Compiled using nvcc ./test.cu -o ./test.exe -std=c++11

1

There are 1 answers

1
Robert Crovella On BEST ANSWER

There are 2 things I would point out. Both of these are (now) referenced in this related question/answer which you may wish to refer to.

  1. The failure of thrust to issue the underlying kernels to non-default streams in this case seems to be related to this issue. It can be rectified (as covered in the comments to the question) by updating to the latest thrust version. Future CUDA versions (beyond 7) will probably include a fixed thrust as well. This is probably the central issue being discussed in this question.

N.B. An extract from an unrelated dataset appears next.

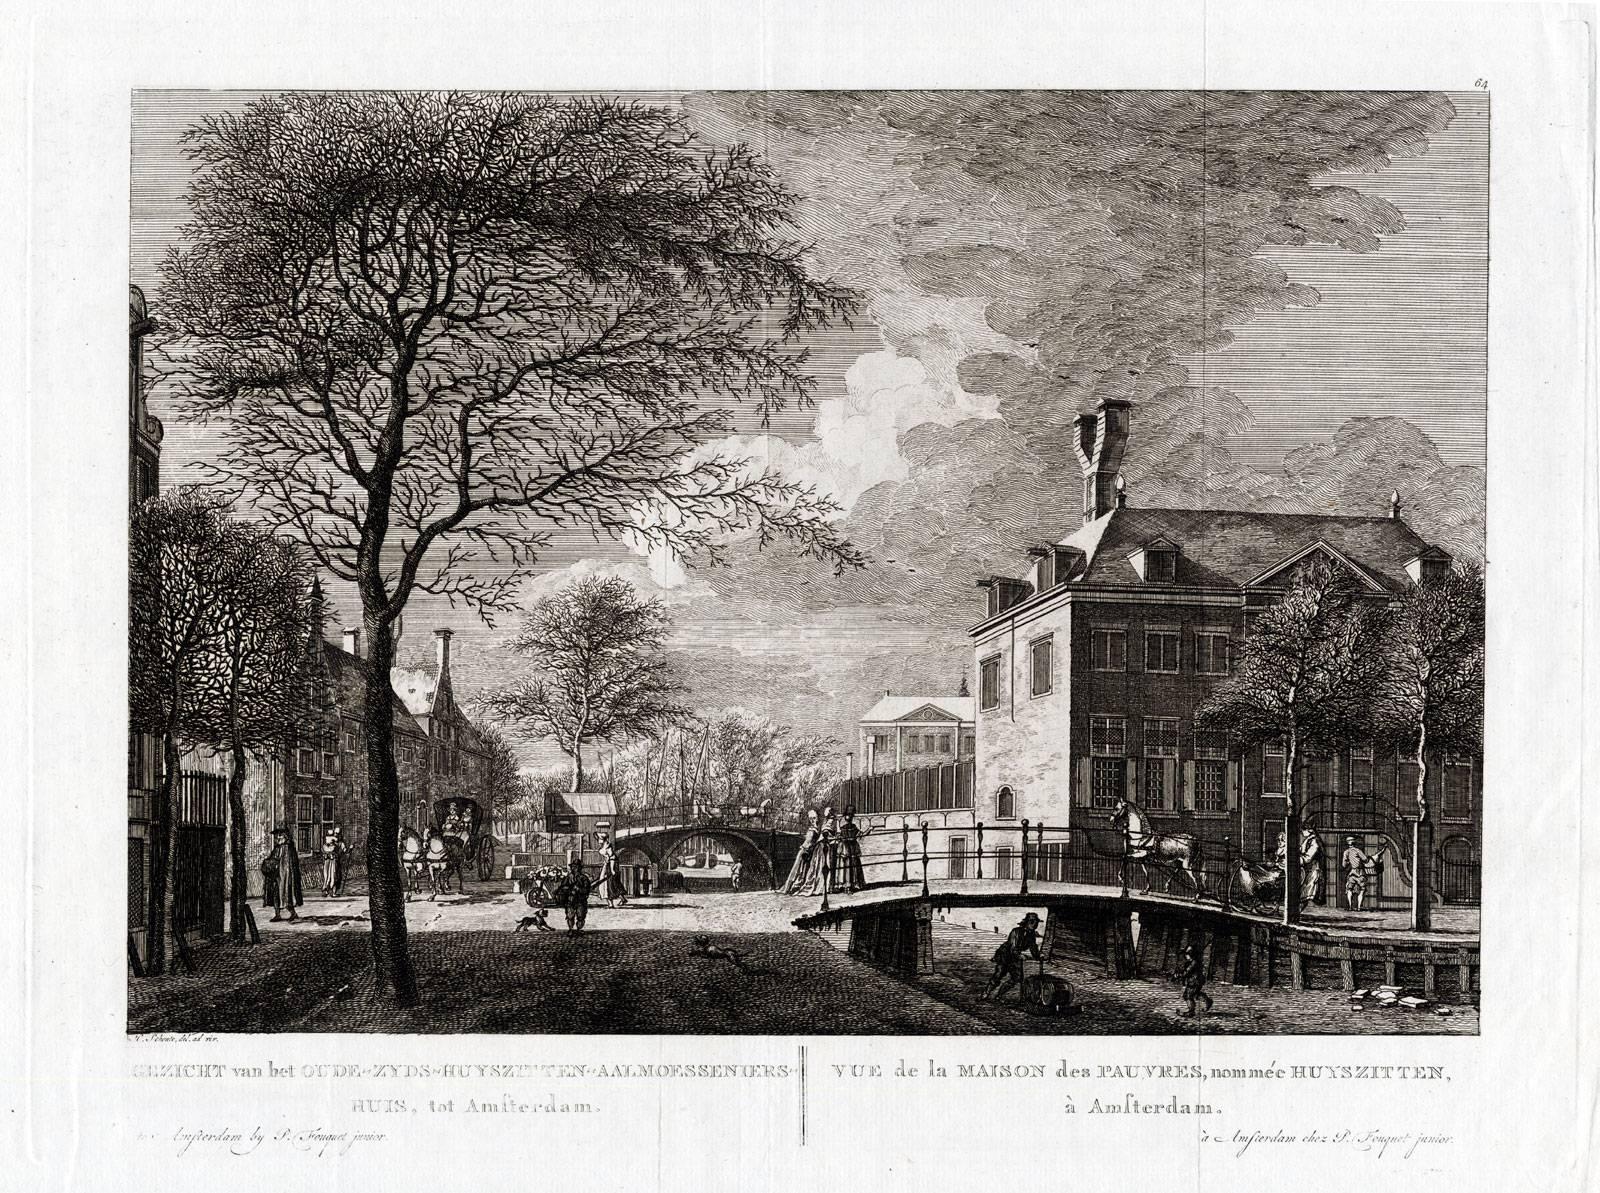 H. Schoute Landscape Print - Gezicht van het Oude-Zyds-Huyszitten-Aalmoesseniers-Huis, tot Amsterdam.

  2. The question seems to also suggest that one of the goals is overlap of copy and compute:

    in order to show how to use copy/compute concurrency using cuda streams
    

    but this won't be achievable, I don't think, with the code as currently crafted, even if item 1 above is fixed. Overlap of copy with compute operations requires the proper use of cuda streams on the copy operation (cudaMemcpyAsync) as well as a pinned host allocation. The code proposed in the question is lacking any use of a pinned host allocation (std::vector does not use a pinned allocator by default, AFAIK), and so I would not expect the cudaMemcpyAsync operation to overlap with any kernel activity, even if it should be otherwise possible. To rectify this, a pinned allocator should be used, and one such example is given here.

For completeness, the question is otherwise lacking an MCVE, which is expected for questions of this type. This makes it more difficult for others to attempt to test your issue, and is explicitly a close reason on SO. Yes, you provided a link to an external github repo, but this behavior is frowned on. The MCVE requirement explicitly states that the necessary pieces should be included in the question itself (not an external reference.) Since the only lacking piece, AFAICT, is "AsynchronousLaunch.cu.h", it seems like it would have been relatively straightforward to include this one additional piece in your question. The problem with external links is that when they break in the future, the question becomes less useful for future readers. (And, forcing others to navigate an external github repo looking for specific files is not conducive to getting help, in my opinion.)